A great deal of what drives sociopolitical life in the U.S. has more to do with core beliefs regarding humanity's nature as a whole viz. good and evil rather than the visages of left and right. On one side, there are the people who believe humanity is inherently flawed, that we all can't be trusted, that we need to be governed. (Note that this belief straddles both left and right, both historically and presently: this applies to Lenin as much as it does to Cheney.) On the other side, there are those who believe in our inherent goodness, that generosity is a prevalent attribute, that true democracy is nurtured from the ground up: the Zinns and Kuciniches (and yes, Ron Pauls, his backward views on abortion and “the border” notwithstanding) of the world. Unfortunately for the adherents of both sides of this debate, human beings appear to be capable of vast acts of kindness as well as unspeakable cruelty. As is evidenced by landmark studies such as the Milgram and Stanford Prison Experiments, cruelty is tied as much to circumstance as it is to individual beliefs or character, while more recent research indicates inherent human tendencies towards mutual support systems and cooperation [1].
Is it possible that “good vs. evil” when presented in an absolutist fashion is not complex enough to embody the emotional and psychological realities that we contend with daily?
Consider a frequent example used to uphold this dichotomy: the consequences of wars throughout the 20th century, especially World War II. Axis? Evil. Allies? Good – simply because in order to defeat the ravages of unchecked malevolence, you need a benevolent force to defeat it. The consequence of casting all moments following WWII in this light is that it obscures whatever future crimes against humanity that may be occurring, including many of the ones that lie directly under our noses – Iraq, Katrina, Palestine – as well as the ones that have been with us for quite some time, but that were propelled into metastasis by Nazi Germany. (I will leave it to the reader to decypher how far this particular cancer has spread, and in what forms. Furthermore, this mapping of good vs. evil applies to canonic left/right ideology as well. For example, is individualism “good” and collectivism “evil,” or vice versa? This is an unmistakably false equation in both directions when you consider that what passes for good or evil in this instance largely depends on where you sit within the left/right divide. The left (or again, what passes for such in the U.S.) is mostly about addressing the results of unchecked individualism in service to capital, along with touting a highly vocal yet mostly dulled and outmoded sense of collective purpose (think the aforementioned protests and such here), while the right tends to consist of misguided attempts to forge collective meaning (religious, traditionalist or otherwise), without much of a concern for the consequences of an individual's actions in the “free” market. The problem with framing individualism and collectivism in this way lies in the presumption that there
is a uniform answer that is applicable to all situations and to all people. Consider power law distribution[2], wisdom of crowds, the commons. All of these things are “collective,” but in ways that don't necessarily negate the individual. Conversely, consider that no one individual can survive without the assistance of others; ironically, this is most true of those who hold the most capital, whose grandiose hoardings of wealth depend on the subjugated labor of millions, “going Galt” notwithstanding.

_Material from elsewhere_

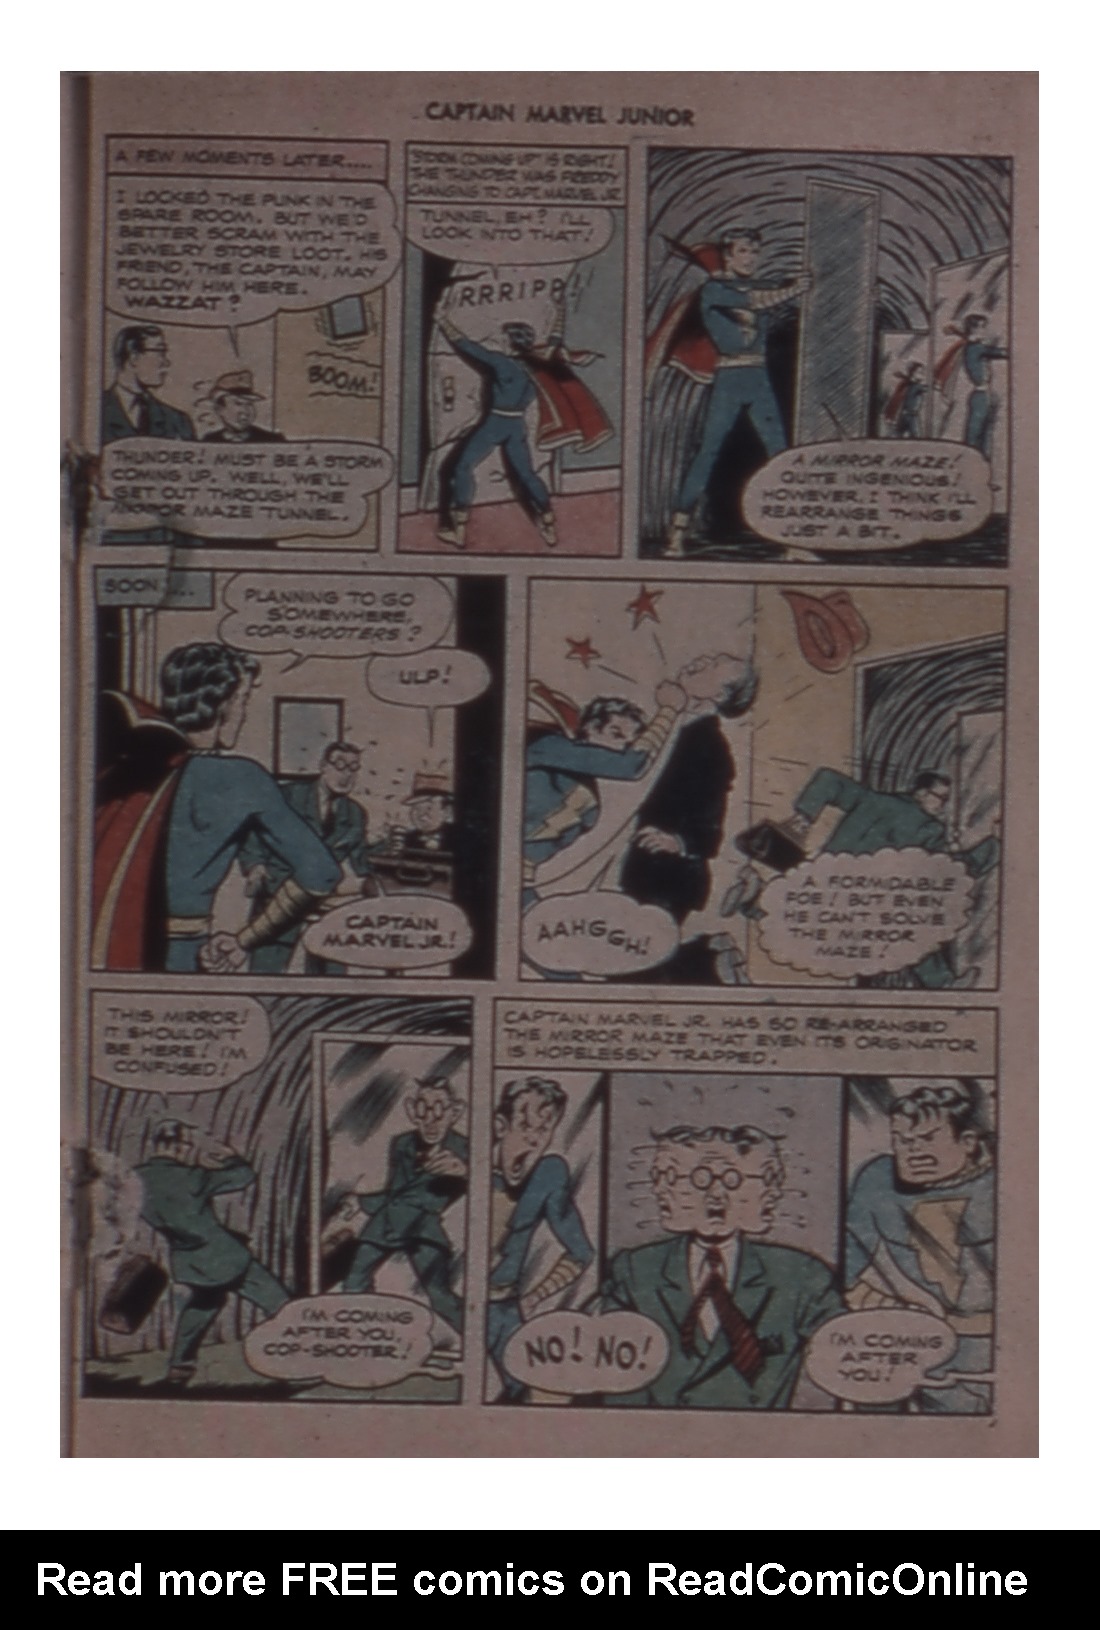 Read online Captain Marvel, Jr. comic -  Issue #58 - 31

Nevertheless, having a robust sense of self and one's purpose is critical. By this, I mean the kinds of self-actualization that emerge from breaking the multiple spells of work, production, schooling, family and sexual repression, not the navel-gazing menagerie of the new age movements from the 1970s onward. (If anything, much of the countercultural self-exploration in the late 20th century west is what led to the eventual shift towards up-with-the-self conservatism – first via Thatcher, then Reagan.) What I am asserting instead is akin to situationism (the politics of everyday life), combined with a critique of the mechanisms and apparatuses that control us a la Illich – with quite possibly a bit of Wilhelm Reich in the mix. In order to break the spell, deeper waters need to be chartered, on both the personal and interpersonal levels; it is by shattering the cacophony of myths promoted by the so-called mainstream that one discovers one's true nature.
Plainly put, what the U.S. grassroots political movements lack is not resources, free speech (current setbacks notwithstanding), or even the ability to organize. What they primarily are bereft of is the articulated desire to control our daily lives in a manner that actively supersedes the dictates that are lined out for us, in a fashion that ultimately makes sense to the majority. What is needed is the will to overcome such dictates, and then the stamina to go from there. Without this, whatever passes for social change becomes a puppet show, railing against a universal Bad Father in order to Save The World. This is why the revolution we face is the one that is between our ears, and between each other; from this fundamental change in the dynamics of self vs. other follows the social revolution writ large, past failures notwithstanding. Anything else is mere set design with deck chairs, while the icy tower looms in the rapidly approaching distance.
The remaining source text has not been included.